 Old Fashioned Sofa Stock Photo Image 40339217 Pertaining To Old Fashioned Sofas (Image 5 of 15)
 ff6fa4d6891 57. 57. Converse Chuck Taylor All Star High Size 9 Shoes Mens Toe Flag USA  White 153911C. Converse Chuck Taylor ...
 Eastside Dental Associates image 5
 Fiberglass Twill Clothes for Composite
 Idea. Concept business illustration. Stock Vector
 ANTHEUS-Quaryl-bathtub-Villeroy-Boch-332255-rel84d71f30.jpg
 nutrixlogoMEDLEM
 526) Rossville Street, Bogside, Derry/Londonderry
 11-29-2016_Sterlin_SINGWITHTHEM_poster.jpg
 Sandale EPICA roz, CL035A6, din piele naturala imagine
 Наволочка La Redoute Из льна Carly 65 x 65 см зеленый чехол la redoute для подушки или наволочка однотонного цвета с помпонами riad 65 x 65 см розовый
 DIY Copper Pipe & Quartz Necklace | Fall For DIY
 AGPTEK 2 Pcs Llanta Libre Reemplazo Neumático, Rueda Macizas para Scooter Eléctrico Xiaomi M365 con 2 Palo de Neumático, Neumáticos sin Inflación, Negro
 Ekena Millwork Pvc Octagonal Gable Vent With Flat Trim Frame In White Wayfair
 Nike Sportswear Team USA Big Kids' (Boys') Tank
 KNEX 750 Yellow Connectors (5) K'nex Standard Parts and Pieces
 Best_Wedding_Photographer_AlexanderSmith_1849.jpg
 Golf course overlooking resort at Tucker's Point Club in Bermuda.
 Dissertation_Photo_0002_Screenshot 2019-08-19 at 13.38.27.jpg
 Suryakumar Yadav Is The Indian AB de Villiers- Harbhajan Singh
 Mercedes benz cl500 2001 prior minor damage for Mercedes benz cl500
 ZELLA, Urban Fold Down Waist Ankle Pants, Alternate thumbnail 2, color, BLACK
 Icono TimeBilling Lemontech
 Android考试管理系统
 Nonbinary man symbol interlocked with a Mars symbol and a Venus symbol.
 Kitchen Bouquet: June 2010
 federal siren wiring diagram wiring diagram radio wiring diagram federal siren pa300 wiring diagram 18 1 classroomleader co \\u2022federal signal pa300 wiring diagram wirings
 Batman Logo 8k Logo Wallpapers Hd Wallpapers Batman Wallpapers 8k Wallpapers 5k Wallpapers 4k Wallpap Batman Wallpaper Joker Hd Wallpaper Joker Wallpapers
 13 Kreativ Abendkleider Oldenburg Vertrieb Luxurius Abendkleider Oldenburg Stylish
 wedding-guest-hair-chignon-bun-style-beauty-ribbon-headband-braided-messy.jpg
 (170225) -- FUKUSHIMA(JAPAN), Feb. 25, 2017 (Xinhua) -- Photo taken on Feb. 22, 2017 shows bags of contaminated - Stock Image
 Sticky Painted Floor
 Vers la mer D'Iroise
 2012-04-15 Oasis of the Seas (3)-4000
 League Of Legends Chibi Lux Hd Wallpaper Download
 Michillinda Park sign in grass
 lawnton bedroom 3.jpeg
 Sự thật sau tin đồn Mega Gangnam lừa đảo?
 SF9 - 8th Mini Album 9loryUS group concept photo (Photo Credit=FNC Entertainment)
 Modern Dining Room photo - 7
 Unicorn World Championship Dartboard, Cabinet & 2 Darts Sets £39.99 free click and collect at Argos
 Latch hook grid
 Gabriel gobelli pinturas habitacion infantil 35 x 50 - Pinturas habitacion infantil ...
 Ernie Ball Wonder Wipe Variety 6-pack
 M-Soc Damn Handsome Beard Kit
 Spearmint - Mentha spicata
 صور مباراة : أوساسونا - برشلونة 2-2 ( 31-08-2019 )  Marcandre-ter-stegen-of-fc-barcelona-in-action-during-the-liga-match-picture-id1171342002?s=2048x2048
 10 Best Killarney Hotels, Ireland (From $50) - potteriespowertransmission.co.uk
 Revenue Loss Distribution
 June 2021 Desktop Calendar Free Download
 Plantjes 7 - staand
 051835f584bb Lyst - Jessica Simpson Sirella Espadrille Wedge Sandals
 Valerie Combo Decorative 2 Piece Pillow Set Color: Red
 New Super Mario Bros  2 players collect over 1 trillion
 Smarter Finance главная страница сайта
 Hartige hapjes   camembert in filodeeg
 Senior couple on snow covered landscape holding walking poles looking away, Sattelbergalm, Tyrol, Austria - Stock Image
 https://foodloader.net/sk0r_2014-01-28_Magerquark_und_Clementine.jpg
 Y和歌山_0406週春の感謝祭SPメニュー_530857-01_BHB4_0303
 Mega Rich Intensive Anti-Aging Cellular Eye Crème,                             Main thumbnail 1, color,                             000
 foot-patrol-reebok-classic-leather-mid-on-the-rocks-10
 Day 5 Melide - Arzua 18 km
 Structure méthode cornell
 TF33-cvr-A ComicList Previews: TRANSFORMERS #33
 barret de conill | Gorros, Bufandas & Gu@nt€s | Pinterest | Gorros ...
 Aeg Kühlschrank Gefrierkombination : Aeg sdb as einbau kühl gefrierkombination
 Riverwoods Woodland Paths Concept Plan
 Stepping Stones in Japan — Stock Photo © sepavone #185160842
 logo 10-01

### EXERCISE BRIEF:
There is a line with "Plantjes 7 - staand" and a line with "barret de conill" above. Copy exactly those two lines and all lines between them, with nothing else.

### FINISHED EXERCISE:
 Plantjes 7 - staand
 051835f584bb Lyst - Jessica Simpson Sirella Espadrille Wedge Sandals
 Valerie Combo Decorative 2 Piece Pillow Set Color: Red
 New Super Mario Bros  2 players collect over 1 trillion
 Smarter Finance главная страница сайта
 Hartige hapjes   camembert in filodeeg
 Senior couple on snow covered landscape holding walking poles looking away, Sattelbergalm, Tyrol, Austria - Stock Image
 https://foodloader.net/sk0r_2014-01-28_Magerquark_und_Clementine.jpg
 Y和歌山_0406週春の感謝祭SPメニュー_530857-01_BHB4_0303
 Mega Rich Intensive Anti-Aging Cellular Eye Crème,                             Main thumbnail 1, color,                             000
 foot-patrol-reebok-classic-leather-mid-on-the-rocks-10
 Day 5 Melide - Arzua 18 km
 Structure méthode cornell
 TF33-cvr-A ComicList Previews: TRANSFORMERS #33
 barret de conill | Gorros, Bufandas & Gu@nt€s | Pinterest | Gorros ...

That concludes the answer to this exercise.